I am not a salesman for them i just think its so easy and i was having so much trouble before i found it.
steve


----------



## MGP

jumps4 said:


> I have checked it out but i dont use it because it uses stl format not dxf
> have you checked out D2NC it i $79.00 and I use it for almost everything now. it loads right from inside mach3 it is really fast and easy
> d2nc.com
> watch the whats new video for version 2.9.9 they are under screencams. it takes me just a few minutes to make g-code now for 2d parts.
> I am not a salesman for them i just think its so easy and i was having so much trouble before i found it.
> steve




Steve 
When make a hole from my CAD drawing in D2nc i can not stop it from making the hole look like a mickey mouse head 
its making a triangler pattern from start then after the hole is cut to were it stops and then back to start again?


----------



## Tony Wells

That sounds more like it's milling a boss rather than a hole.


----------



## DMS

I ended up looking at FreeMill, but didn't update this post (probably should have... never enough time).

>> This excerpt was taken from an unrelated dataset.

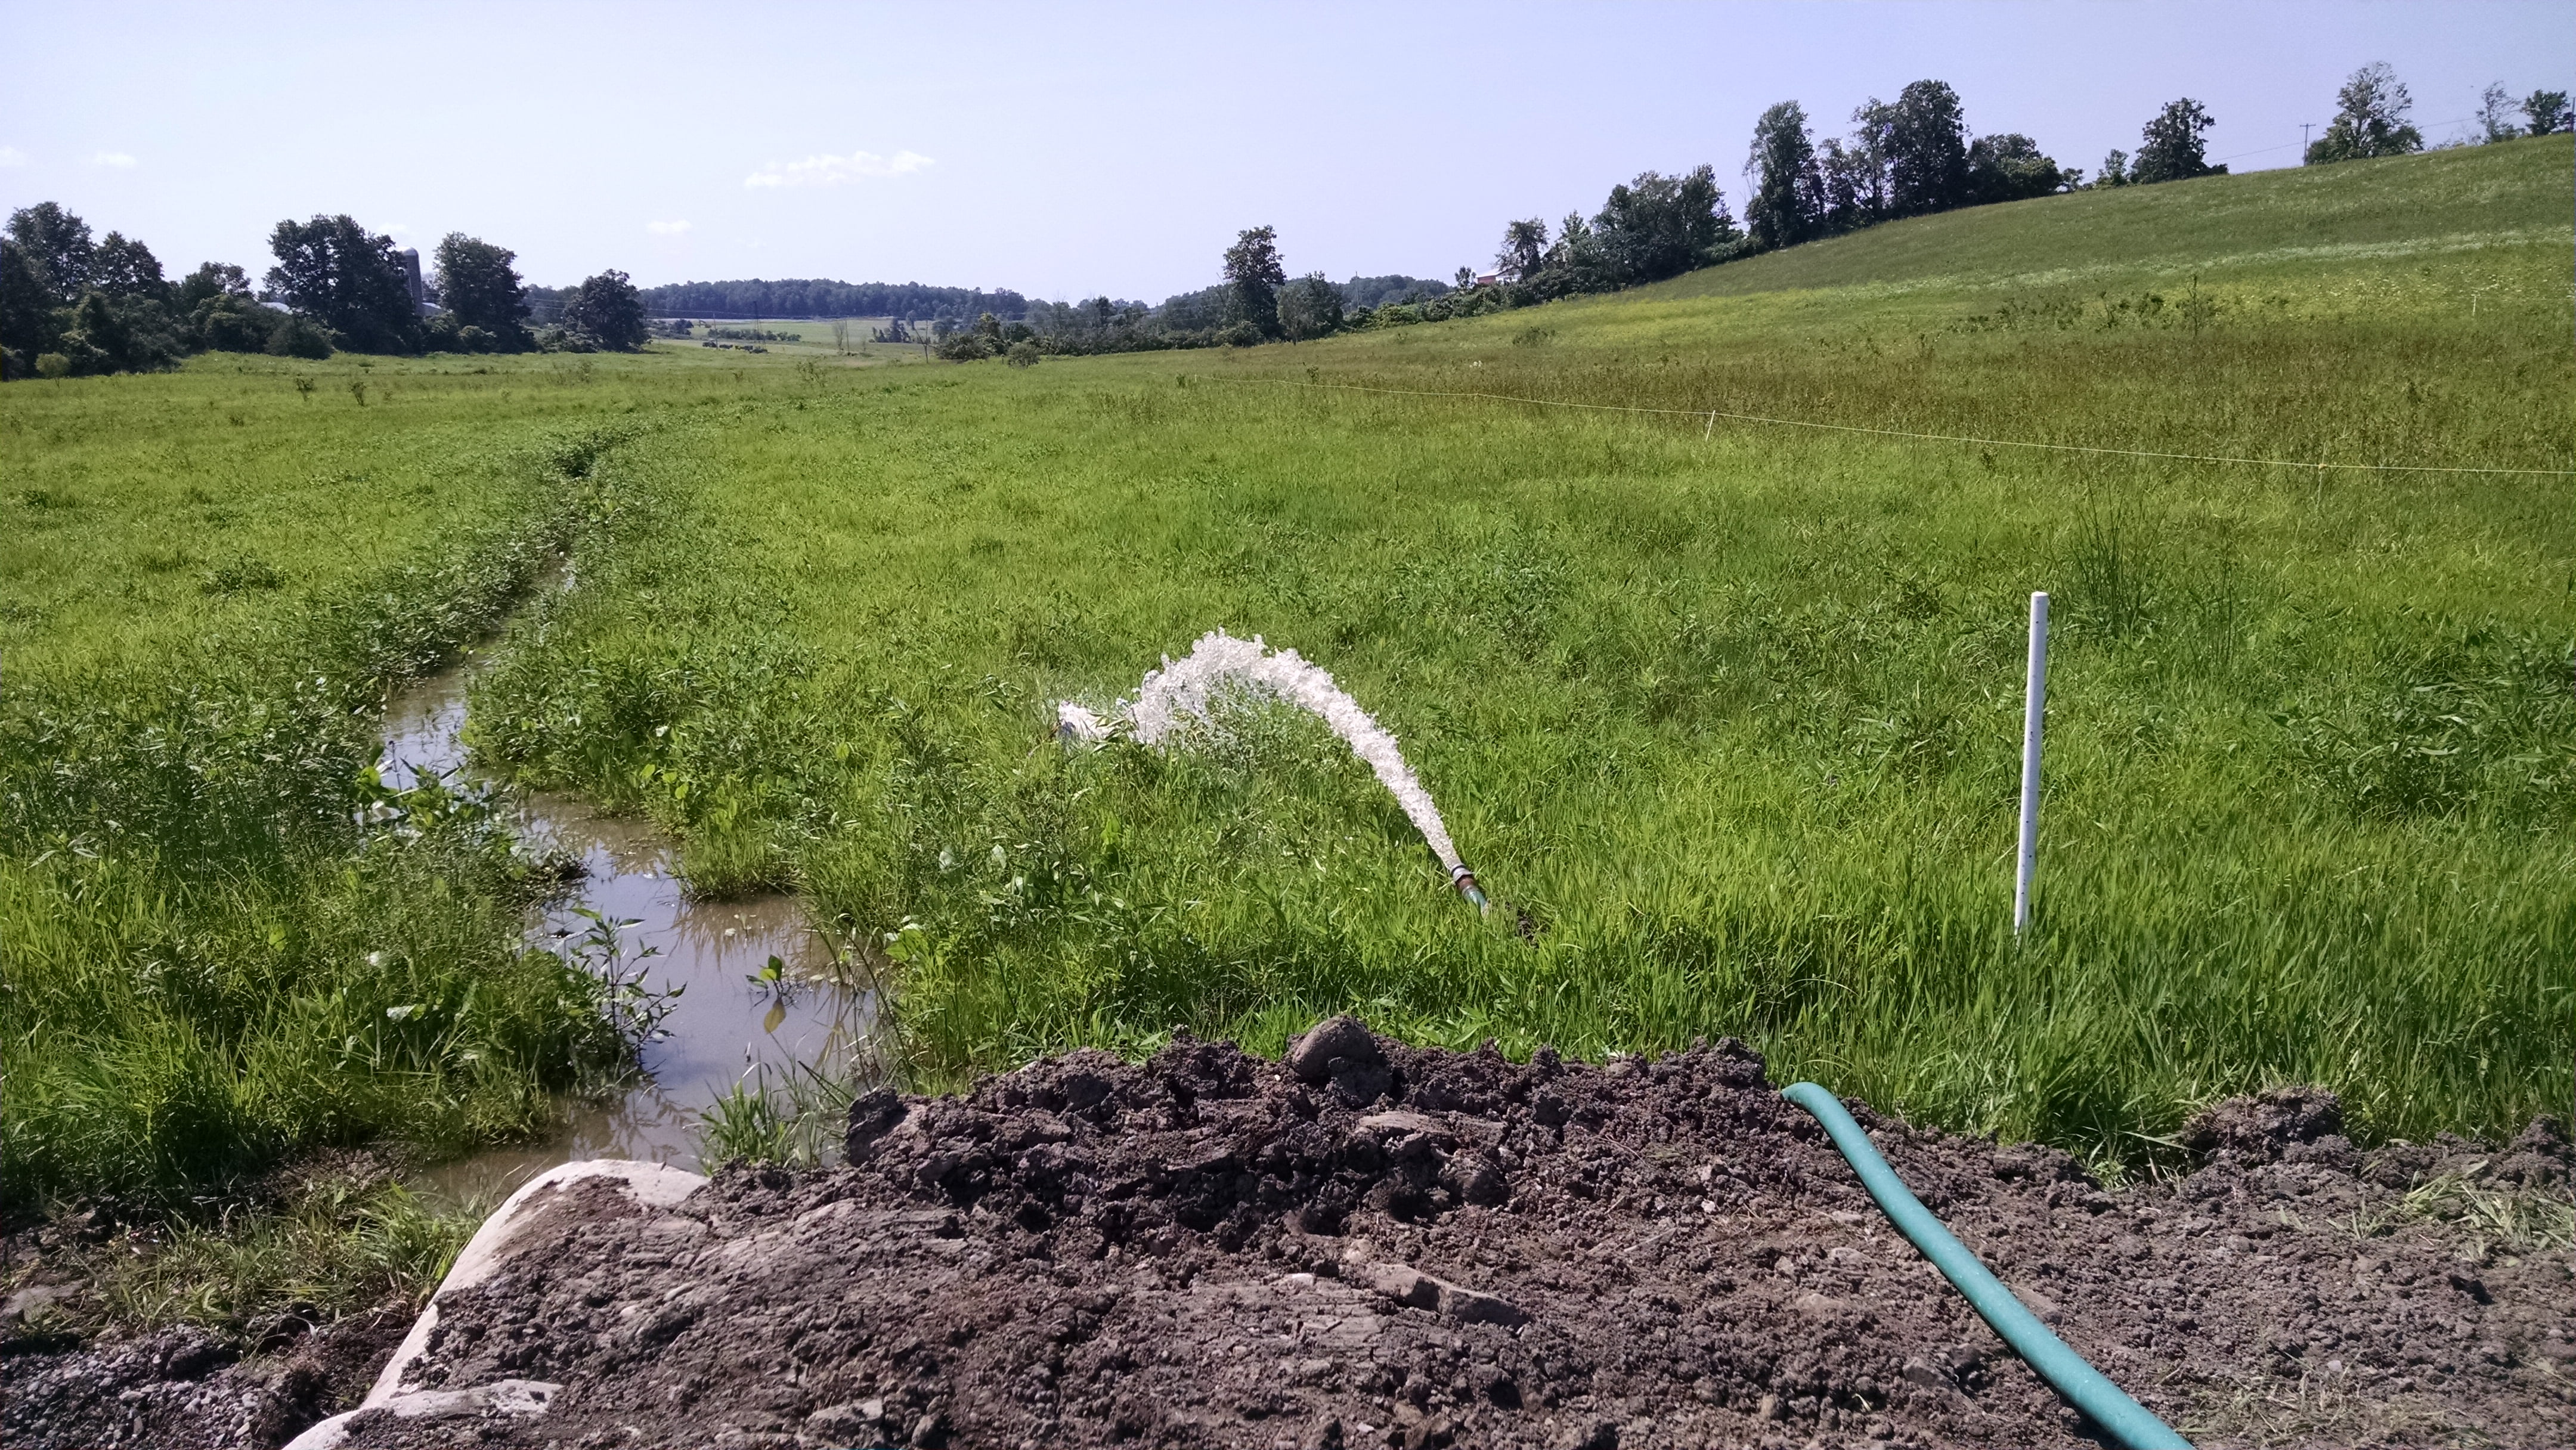 First we had to pump some of the water out of the small settling pond on the upstream side.

It's pretty decent, but has a lot of limitations given it is a "teaser" for MecSofts for pay offerings. If you are doing 3d stuff in wood on a router, it would probably be great, but there is no facility for 2.5d stuff. You only get 1 type of 3d profiling, and 2 types of cutters as I recall (ball, square).

I ended up purchasing a copy of Alibre and AlibreCAM today. I have been playing with the demos for the last week and a half and everything seems pretty usable after some re-training (most of my experience is with SolidWorks).


----------



## DMS

MGP said:


> Steve
> When make a hole from my CAD drawing in D2nc i can not stop it from making the hole look like a mickey mouse head
> its making a triangler pattern from start then after the hole is cut to were it stops and then back to start again?

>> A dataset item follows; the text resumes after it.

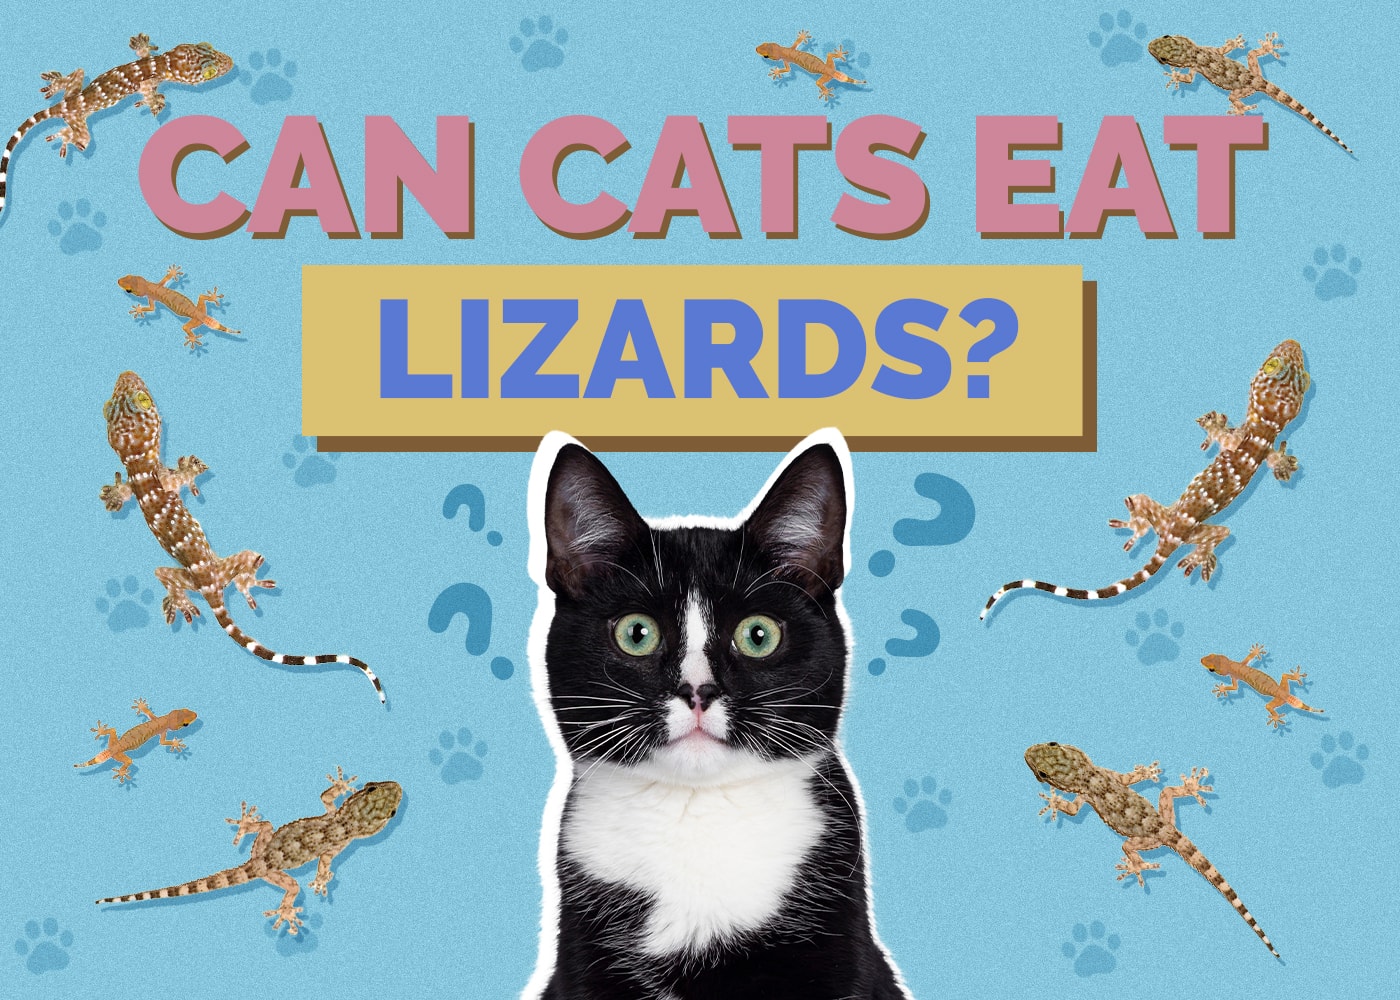 Can Cats Eat lizards

If you post the G-Code one of us can probably give you an idea of what it's trying to do.

Some of it could be related to your controller too, depending on whether the G-code is using cutter comp, and how your controller implements that. I have also had some programs be very creating with retracting and in-feeding the cutter.


----------



## jumps4

your cad drawing cannot have loose ends undeleted parts hidden. if there is 1 loose dot on the screen it will try to incorporate it. also we never did any drive tuning in the thread. send the dxf and the d2nc.tap to jumpscam@yahoo.com
and i'll check it and you can call on the phone
steve


----------



## jumps4

mgp
there is nothing wrong with your drawing
you have somehow set d2nc to arc in to make each pass instead of plunge or ramp down
if you look at the right of each pass you will see the cutter aproaching from outside at depth
give me a call we will fix it
steve


----------